季羡林:嗯。沈崇事件,你知道。北大、清华的学生,所有大学学生都起来示威,打倒美国帝国主义。北京那时候,国民党军队的头是李宗仁,他是桂系,广西的,与蒋介石合作。沈崇事件一出来,学生闹*。蒋介石派的是北京市宪兵第五团,蒋介石的贴身队伍,去抓了一些学生。后来,胡适就坐他那辆北京仅有的一辆汽车,奔走于李宗仁和其他党政要员之间,(要他们)释放学生,抓学生不行。

蔡德贵:他这个人很有正义感。

季羡林:他这个人,就是,聪明是聪明。就是,人说,一心不可二用。他一心,一个是做学问,那真是好料子。另外他又想当大官,当总统。

蔡德贵:政治幼稚病。

季羡林:嗯。政治幼稚病。蒋介石是坏蛋,他认识不清楚。我们那时候也不清楚,不过蒋介石是坏蛋,这个,大家啊,老知识分子都知道。蒋介石到北京来视察工作,住在后圆恩寺⑤。那个房子,后来康生在里面住过。我也去过,后来成为高级饭店,那是解放后,在那里吃过饭。

第十六次口述(3)

季羡林:我从来也不相信(鬼)。原来我住在东厂胡同,明朝杀人的地方,那是北京有名的凶宅,说有鬼。我就住在里面,因为进门好几层院子,第四层我住的。晚上有人去找我,先得问季羡林是不是在里面,如果不在里面,谁也不敢进去。我有一篇文章,叫《马缨花》,就是写这个。因为我在国外多年,不信鬼,也不信神。没有这个玩意儿。现在世界上鬼神是不存在的。

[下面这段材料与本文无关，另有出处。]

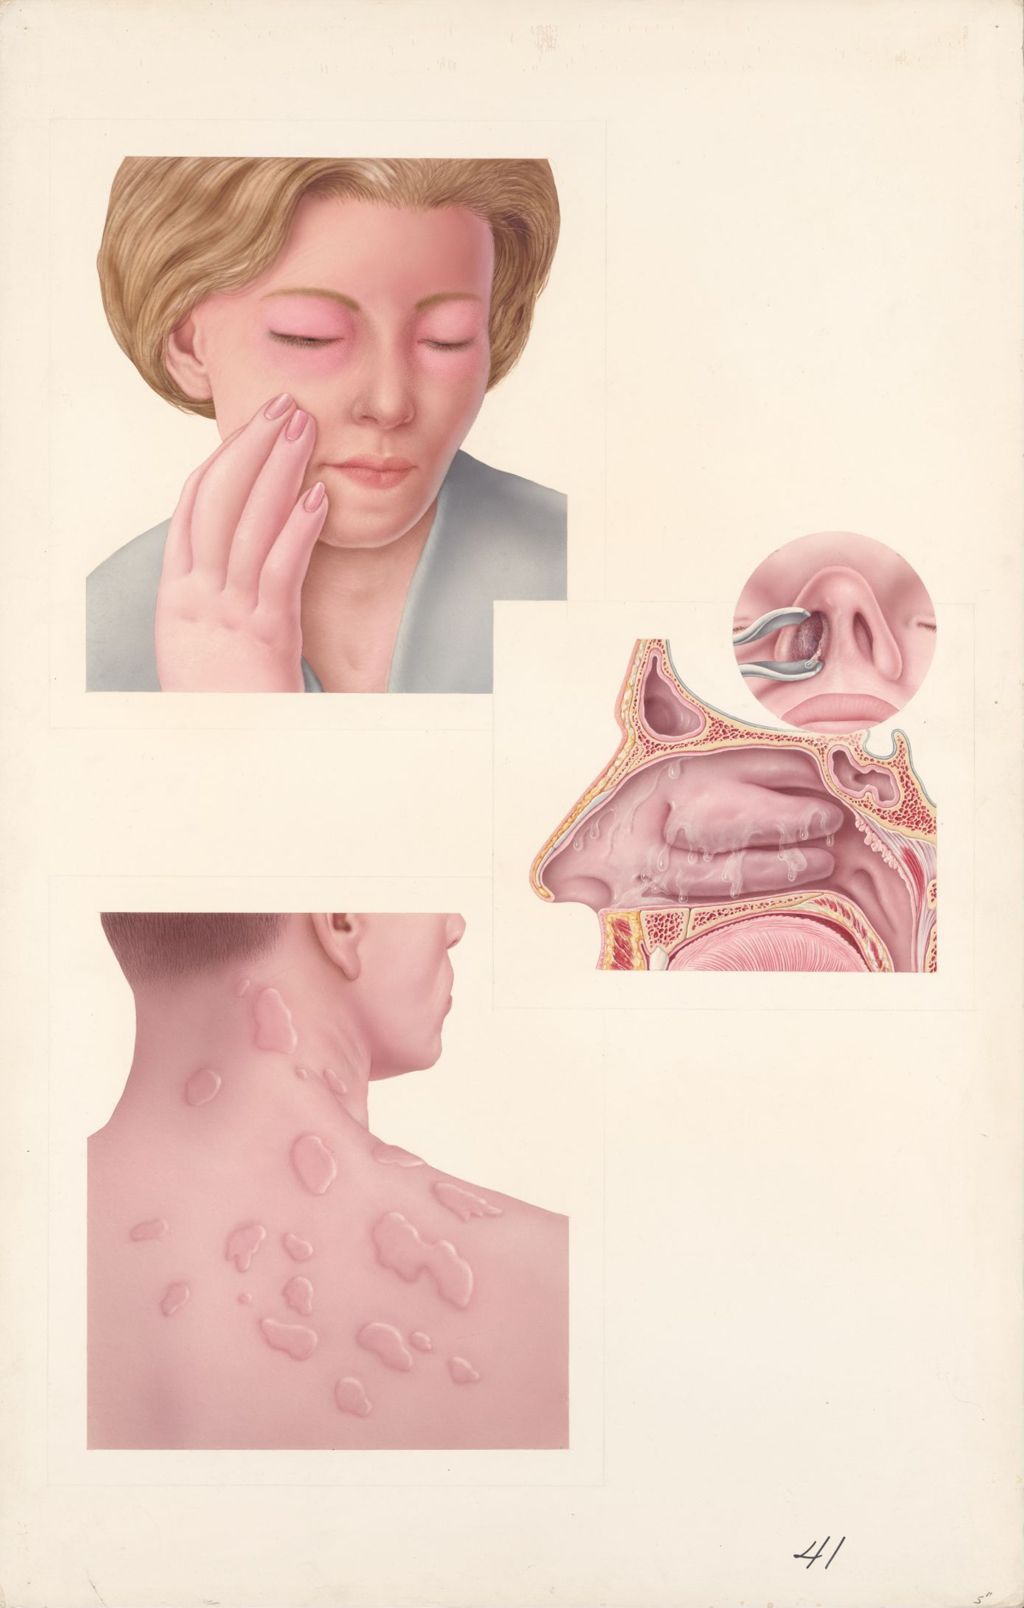 Medical Profiles, Decadron, Dual phase, Several representative manifestations of allergic reactions

蔡德贵:很多人佩服您,研究了一辈子宗教,但是没有信任何宗教。

季羡林:于道泉哪,在英国念书,陈寅恪在那里治眼睛,陈寅恪在那里视网膜脱落。范文澜也是视网膜脱落。后来医生就劝他吃海参,说海参有胶质,可以粘起来。后来这个于道泉在英国留学,怕这个陈寅恪先生寂寞,天天到医院去陪他,念什么呢?《资本论》。陈寅恪就告诉我,他哭笑不得,说我不相信共产党,他天天来给我讲共产主义。于道泉的妹妹于若木,陈云的夫人,已经嫁给陈云。后来于道泉从英国回来,他这个妹夫,想培养培养这位大哥,把他接到他家里边,过了一阵,观察他不是做官的料子。于道泉是有意思,一方面给陈寅恪讲这个*主义,另外一方面,研究鬼。他作为一个课题研究鬼。还研究在碗里种豆子,无土栽培。于道泉是个天才,天才往往有怪癖。另外那个沈有鼎,也是个怪才,沈有鼎架着双拐,提着走。两腿走路,架着双拐,不用,他双拐提在手里走。他是金岳霖的学生。金岳霖说最有天才的之一,就是沈有鼎。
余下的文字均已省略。